You refer briefly to sounds that would take advantage of the new LSO neuron encoding attribute (e.g., ln 17: "Locomotion generates adventitious sounds…"; lines 68-69: High-frequency transients are generated as adventitious sounds created by the locomotion of animals at close range…"). The authors should provide a referenced argument about the prevalence and acoustic properties of the natural sounds that could not be lateralized from their ITDs by MSO neurons, or from their ILDs by LSO neurons. Related to this is the final conclusion (lines 716-717, "…the time-based role of LSO is the more dominant (but previously underestimated) role."). Doesn't this statement rest on the premise that brief transients are the more dominant signal? The natural acoustic world is dominated by sounds with slow envelopes, especially for vocal communication. Consider reviews like Elliott and Theunissen (2009) and Ding et al. (2017). Gerbils might spend much of their time listening to, and possibly localizing, conspecific vocalizations which tend to be modulated in the same low range (Ter-Mikaelian et al., 2012), and which will be encoded by LSO neurons using a mechanism that is not exquisitely sensitive to microsecond time differences.

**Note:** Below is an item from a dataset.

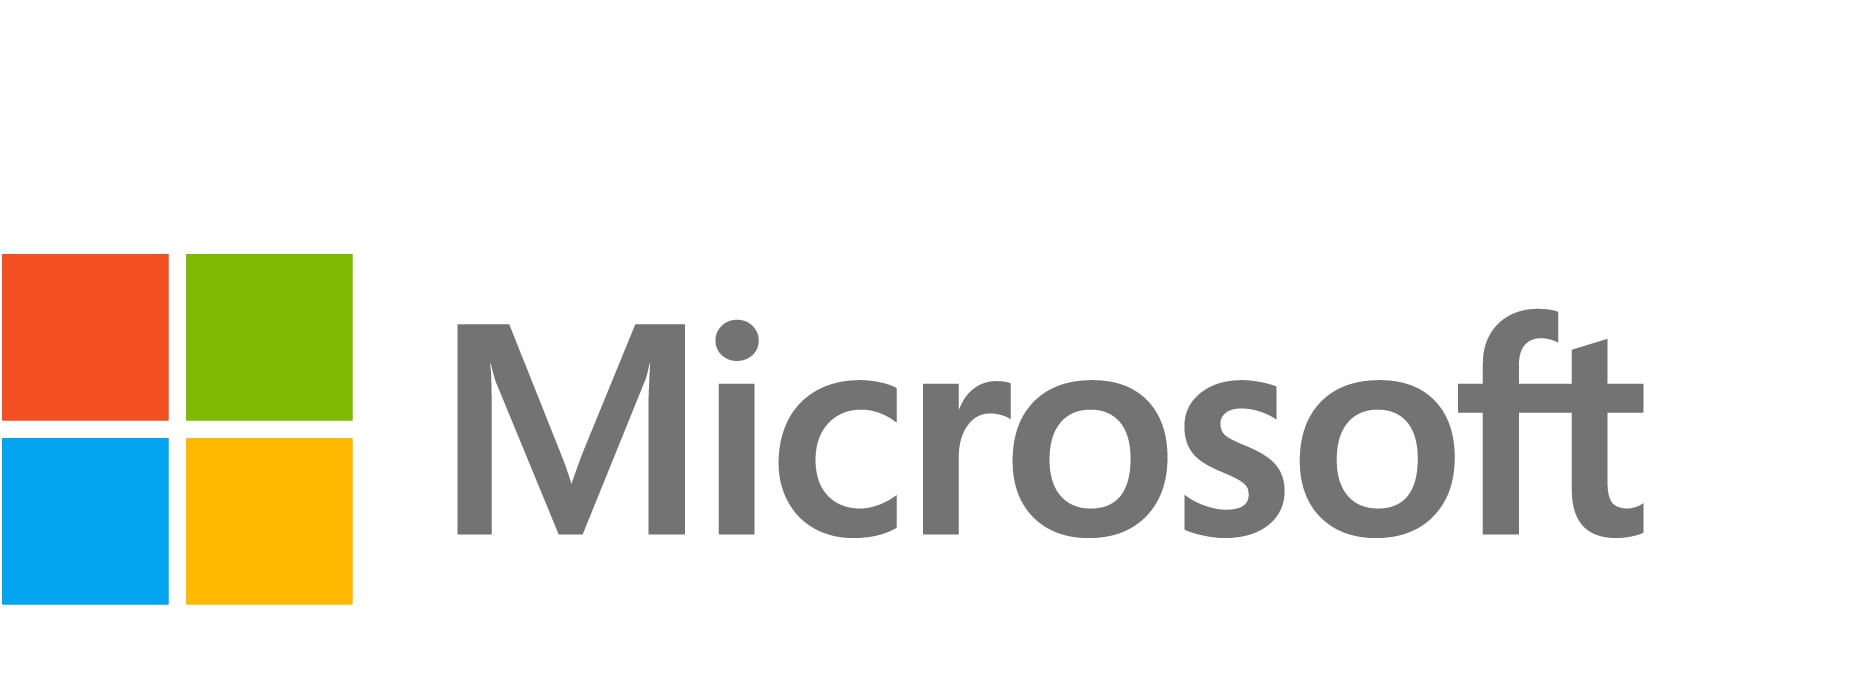 Microsoft Excel LTSC 2021 - license - 1 license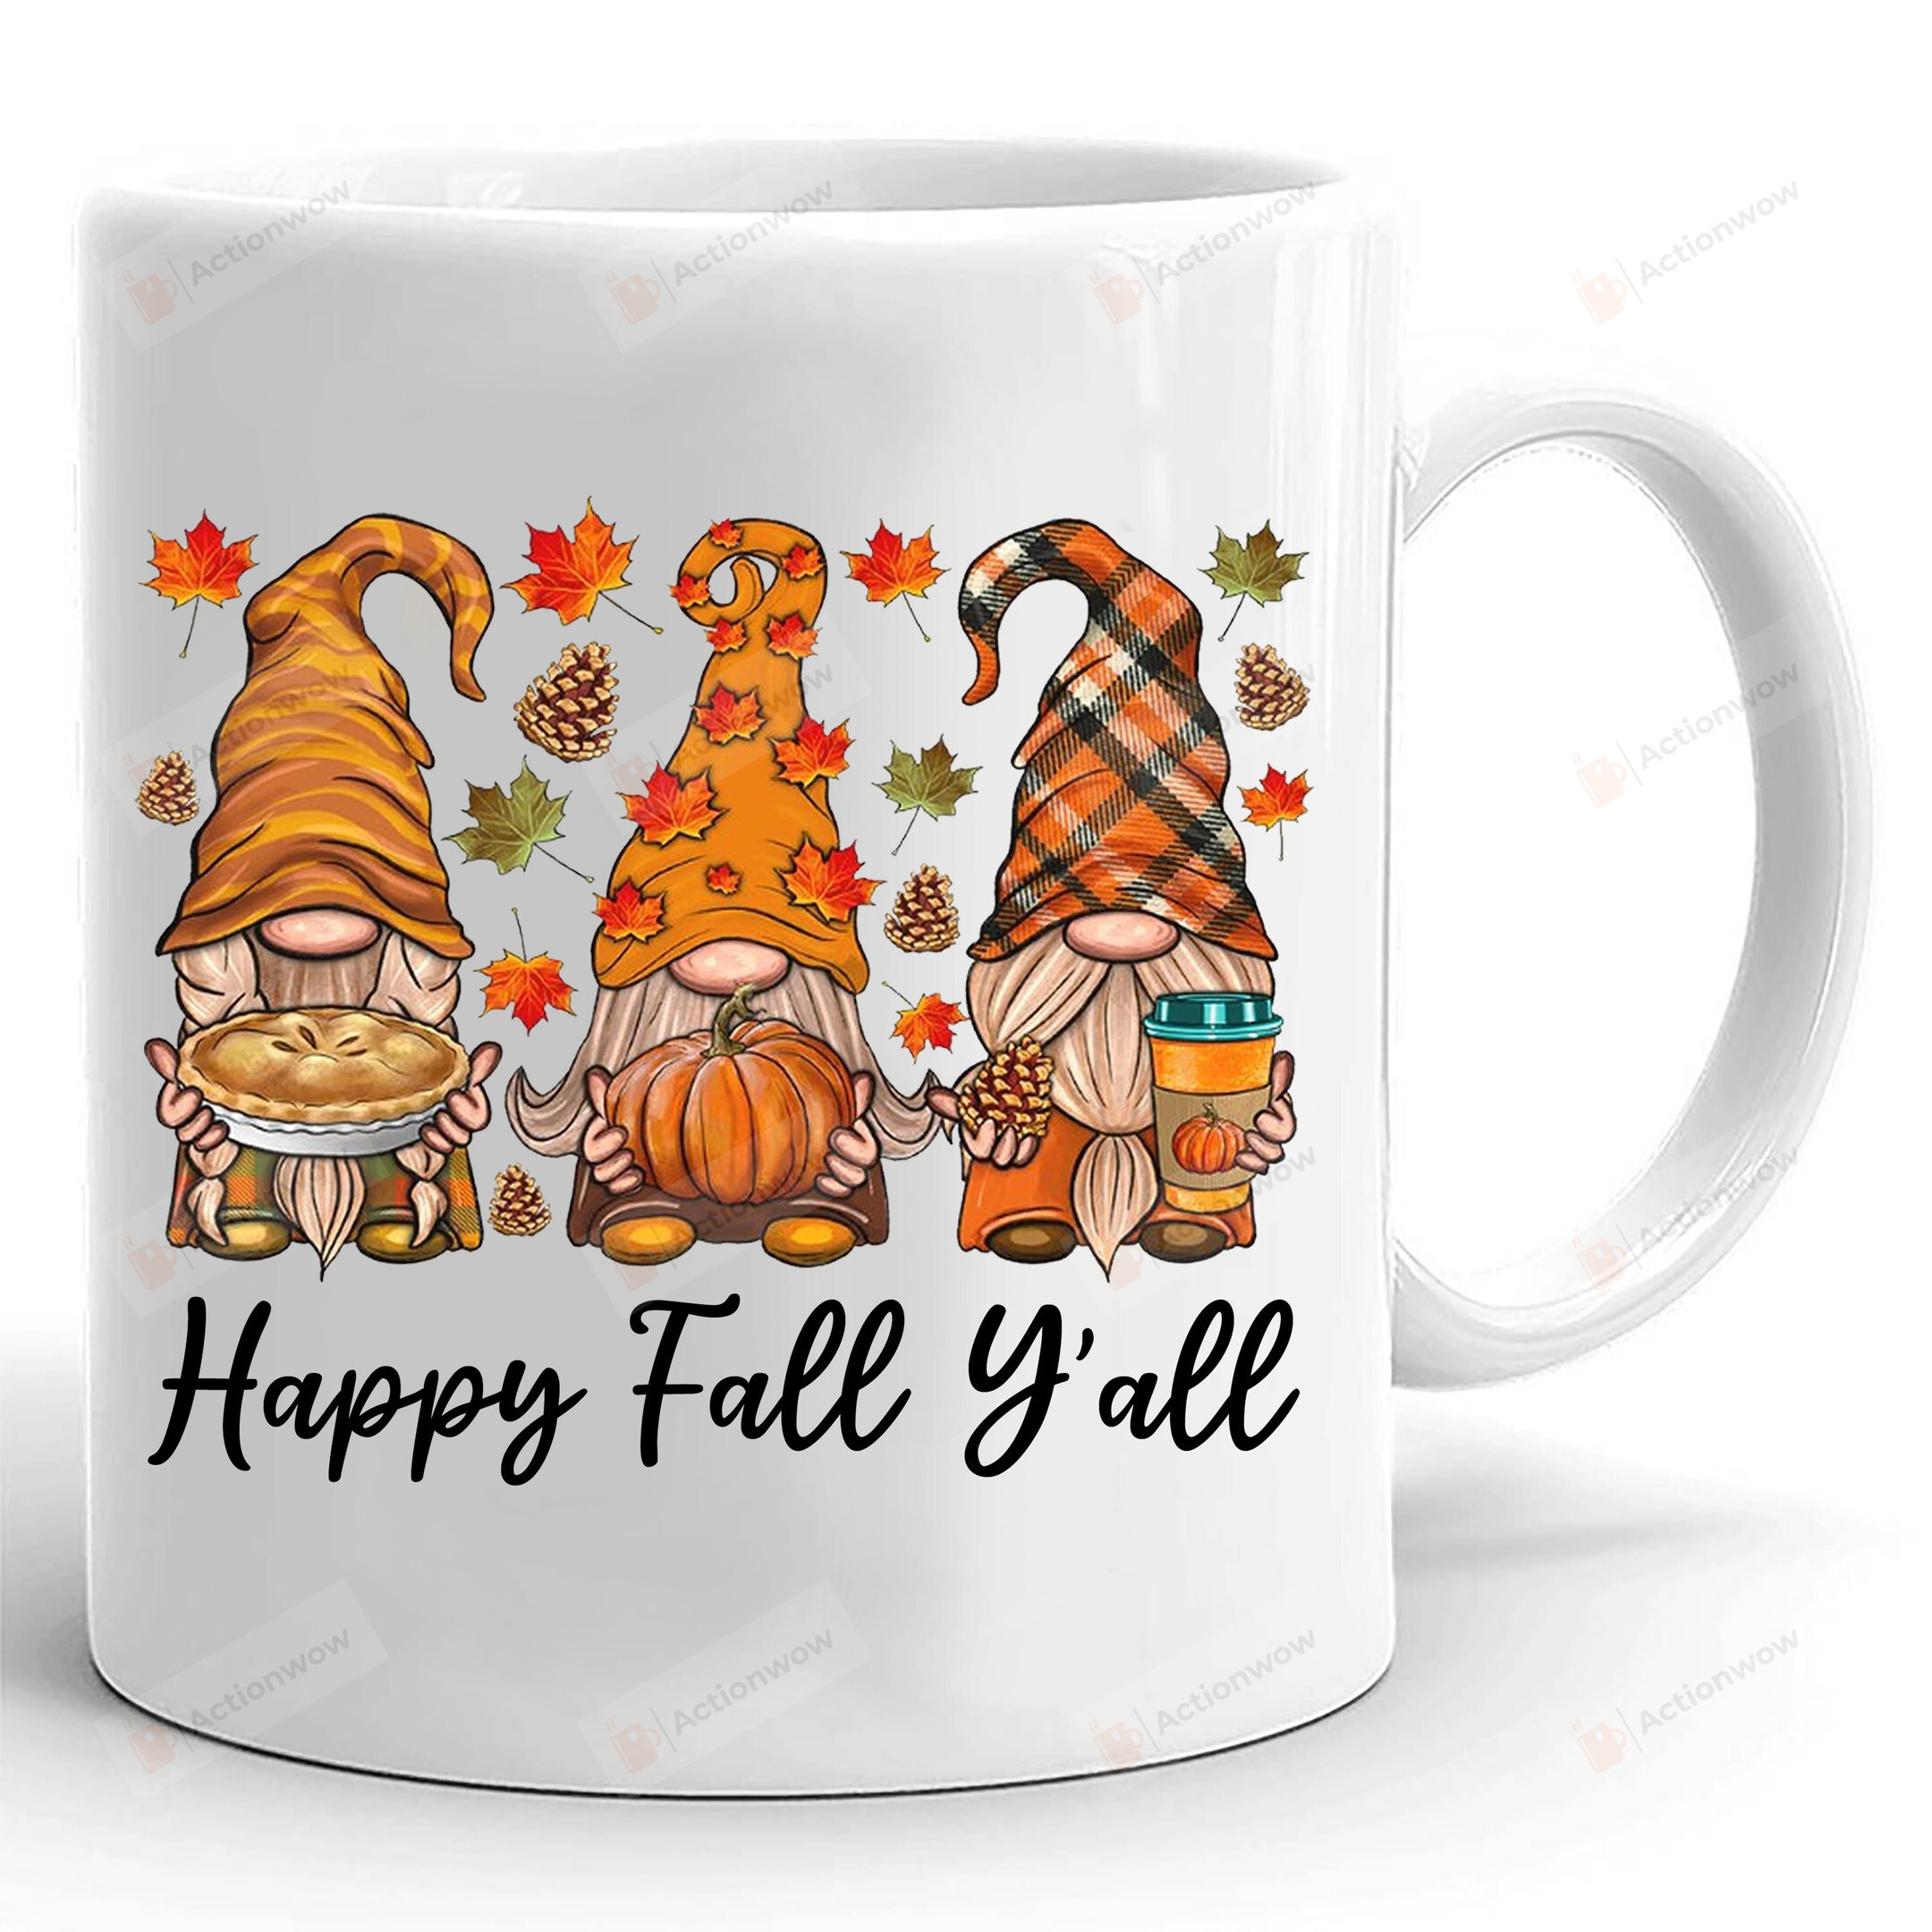 Happy Fall Y'all Thanksgiving Gnome Mug, Its Fall Yall Mug Fall Things For Women, Gromes Thanksgiving Sweaters Mug Gifts For Women Men

Tying LSO function to the lateralization of adventitious sounds is a multilayered argument, which is extensively discussed by Joris and Trussell (2018). Although it would be easy to add a paragraph summarizing these arguments, we feel it would take too much space and would be redundant. We limited ourselves to adding several sentences and references in the Introduction.

We used ‘dominant’ in the conclusion because principal cells are the most common cell type in the LSO. The lack of acoustic field recordings prevents making a statement re. the relative importance of slow envelope modulation versus transients for small critters like gerbils. In general, the physiological literature is strongly biased towards communication sounds when discussing functional relevance, and shows an almost complete absence of consideration of adventitious sounds. We share the view of the reviewers that slow-envelope cues are particularly important for the coding of communication sounds. However, the existing literature (referenced in the manuscript) shows that such envelopes are not very potent binaural cues in the LSO. As argued in Joris and Trussell (2018), we find it hard to see how spatial aspects of vocal communication would have driven the extreme adaptations in the LSO-circuit.

We added a sentence in this paragraph to clarify for which sounds the time-based role is most important.